The world saw terrorism’s darkest face on Tuesday. The cold-blooded >killing of 132 students and nine staff members in a school in Peshawar has left the entire world shaken at the terrorists’ determination to find ever softer targets and notch up higher levels of brutality. There could not have been a more vulnerable place than a school, or more defenceless targets than children. Yet, even in a place used to terrorist acts, even after the >Taliban targeted a 15-year-old girl called Malala Yusufzai two years ago, if parents continued to send their children to school, it was because they thought terrorism had already plumbed such depths that nothing worse could happen. They were proved tragically wrong. Going by the accounts of those who were inside and fortunate to live to tell the tale, the six men who entered the school were merciless, going from classroom to classroom hunting for those still alive. The Tehreek-e-Taliban Pakistan have claimed responsibility for the act, describing it as revenge for the Pakistan Army operation against them in North Waziristan and other parts of the north-western frontier region. The bombing campaigns by the Pakistan military in those regions had claimed civilian lives, and the Taliban have said they carried out the school bloodbath because they want the Army to feel the same pain. The Pakistani Taliban are evidently hoping to bring public pressure on the Army to call off operation Zarb-e-Azb entirely.

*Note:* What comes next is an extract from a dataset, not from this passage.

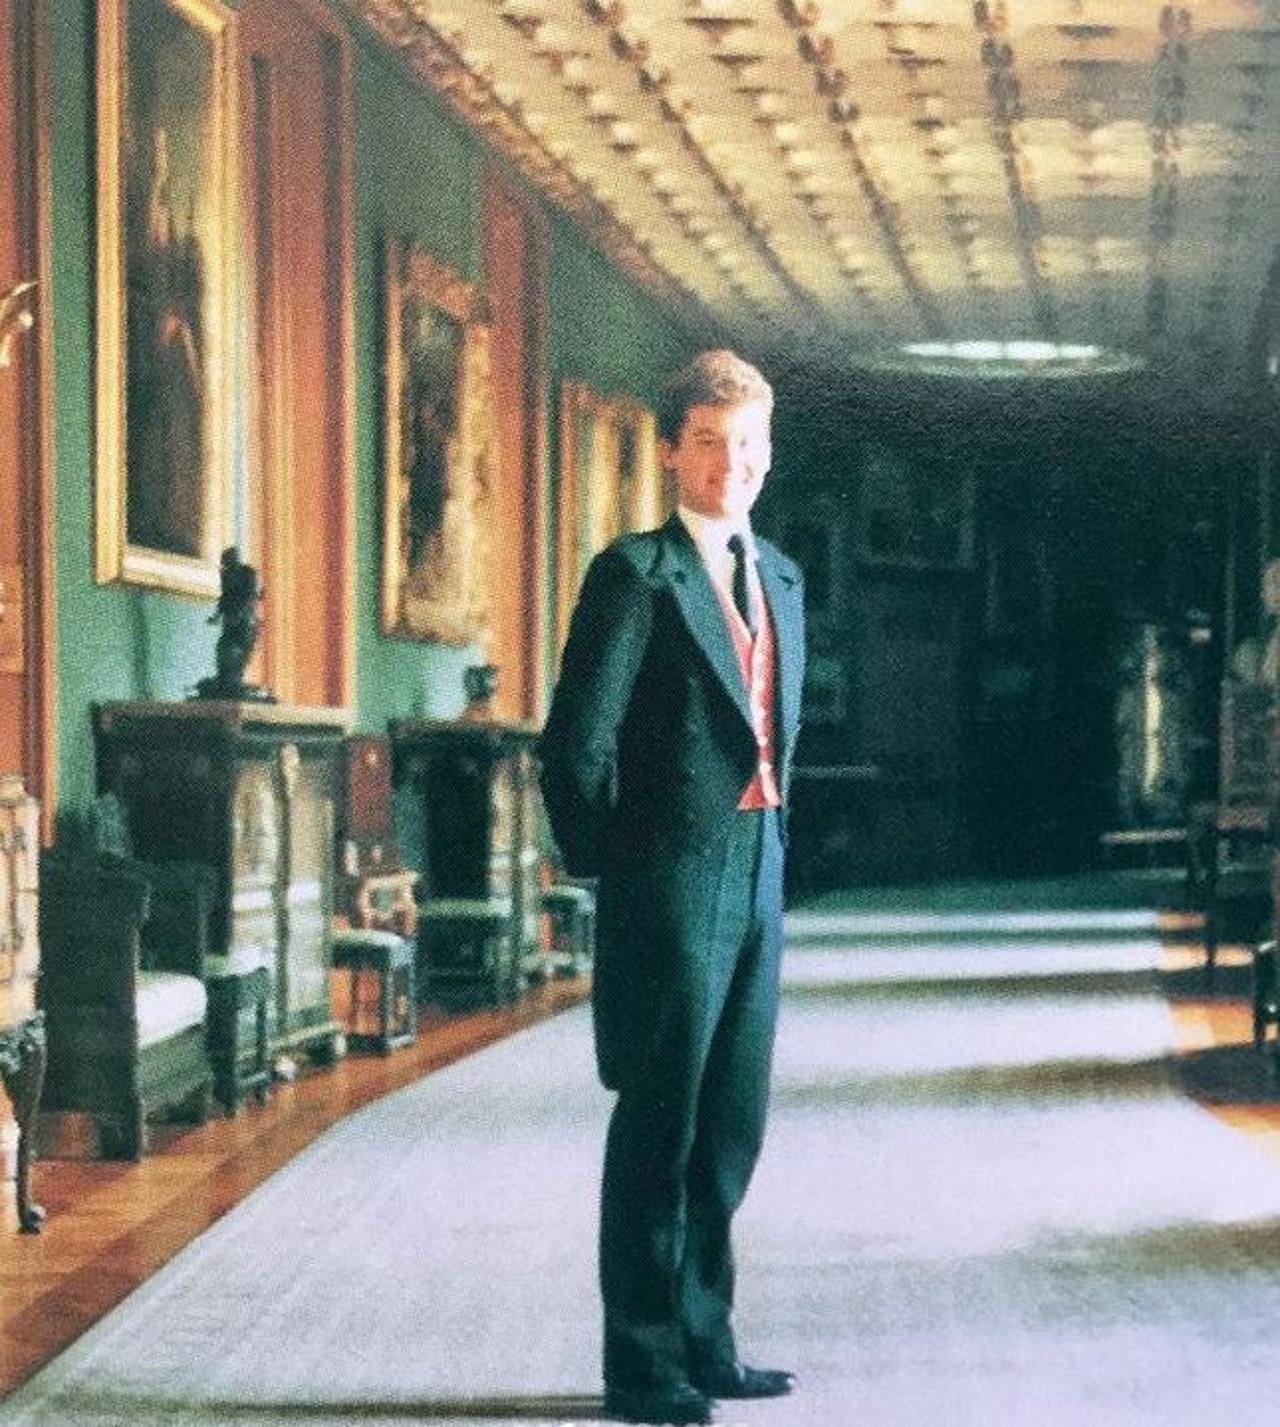 Kamerdyner Księżnej Diany pokazał archiwalne zdjęcia z czasu, gdy pracował dla rodziny królewskiej.
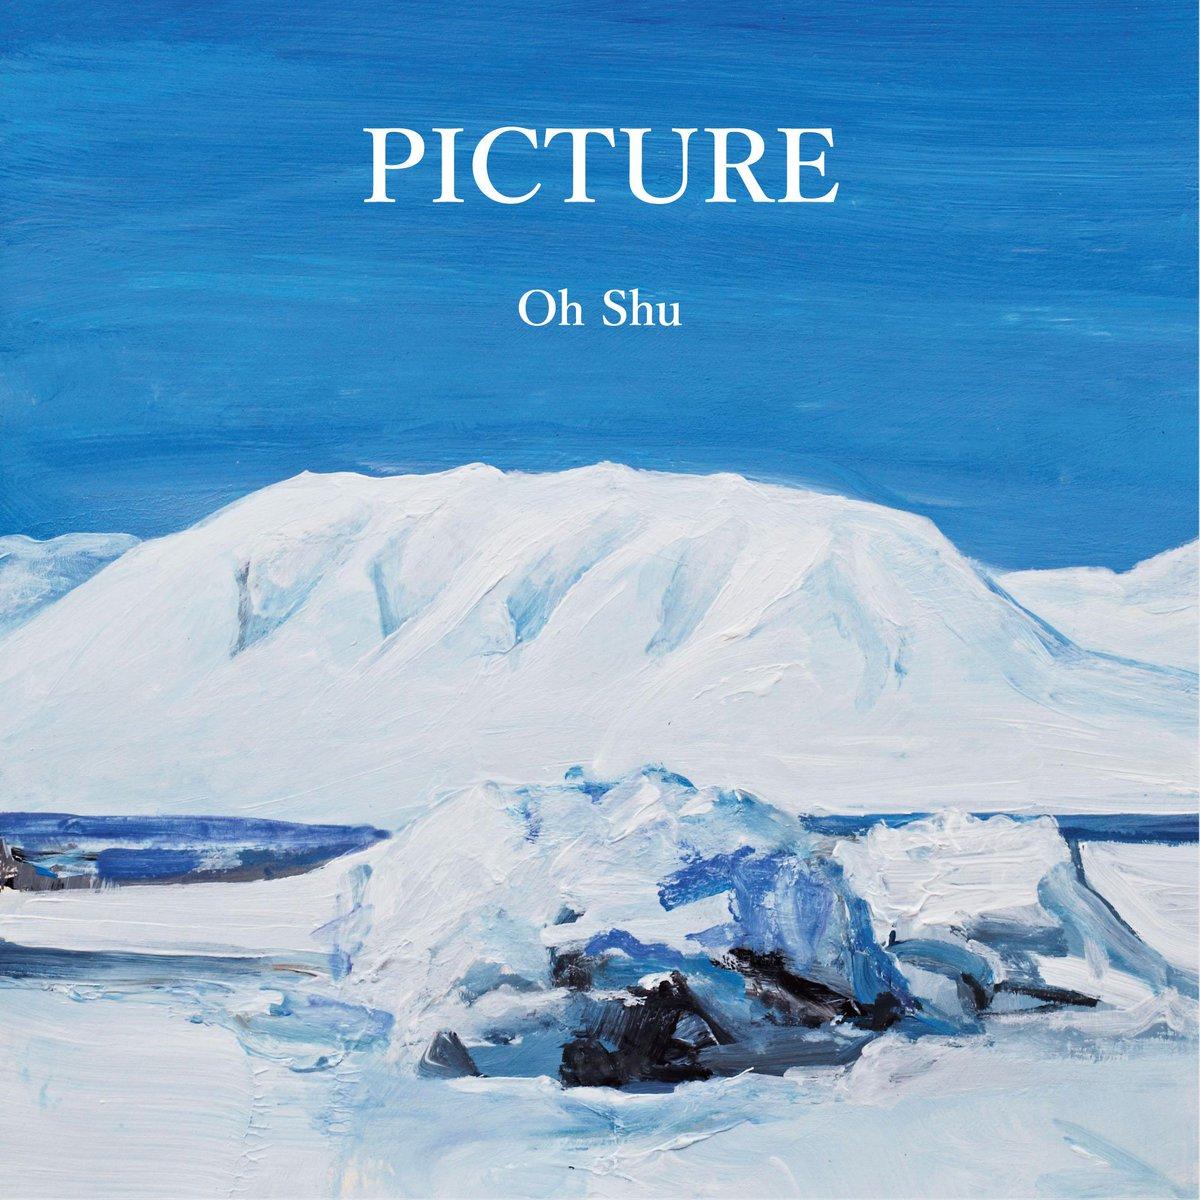 王舟が、2016年1月20日に2ndアルバム「PICTURE」をfelicityからリリースします。たったひとり、宅録で作り上げた大傑作です。 https://t.co/muAR9qTET1 https://t.co/j0vFrjx6vY

Pakistan’s response to this outrage will be crucial to its own future, and to the peace and stability of the region. After an all-party meeting, Prime Minister Nawaz Sharif said that the military operation would go on until the last terrorist was eliminated. Army chief General Raheel Sharif has also stood firm. But it will take more than a drive against a select group of militants to root out terrorism. Decades of active encouragement by the Pakistani state and its security establishment to terrorism aimed at Afghanistan and India have engendered a high level of tolerance within sections of the Pakistani military, polity and society for such non-state actors. Only those with blinkers would believe that there are “good” and “bad” Taliban, that it is all right for the Lashkar-e-Taiba to run free and recruit for jihadi missions in India but it is unacceptable for Taliban to strike inside Pakistan. Lifting a moratorium on hangings, as Prime Minister Sharif has announced, is not going to stop terrorists. Unless the change comes in what Pakistan describes as its “national ideology”, in effect a fusion of religion with national security, militancy will continue to haunt the country. The widespread revulsion over the school massacre provides an opportunity to craft a new ideology that does not confuse terrorists with instruments of national security.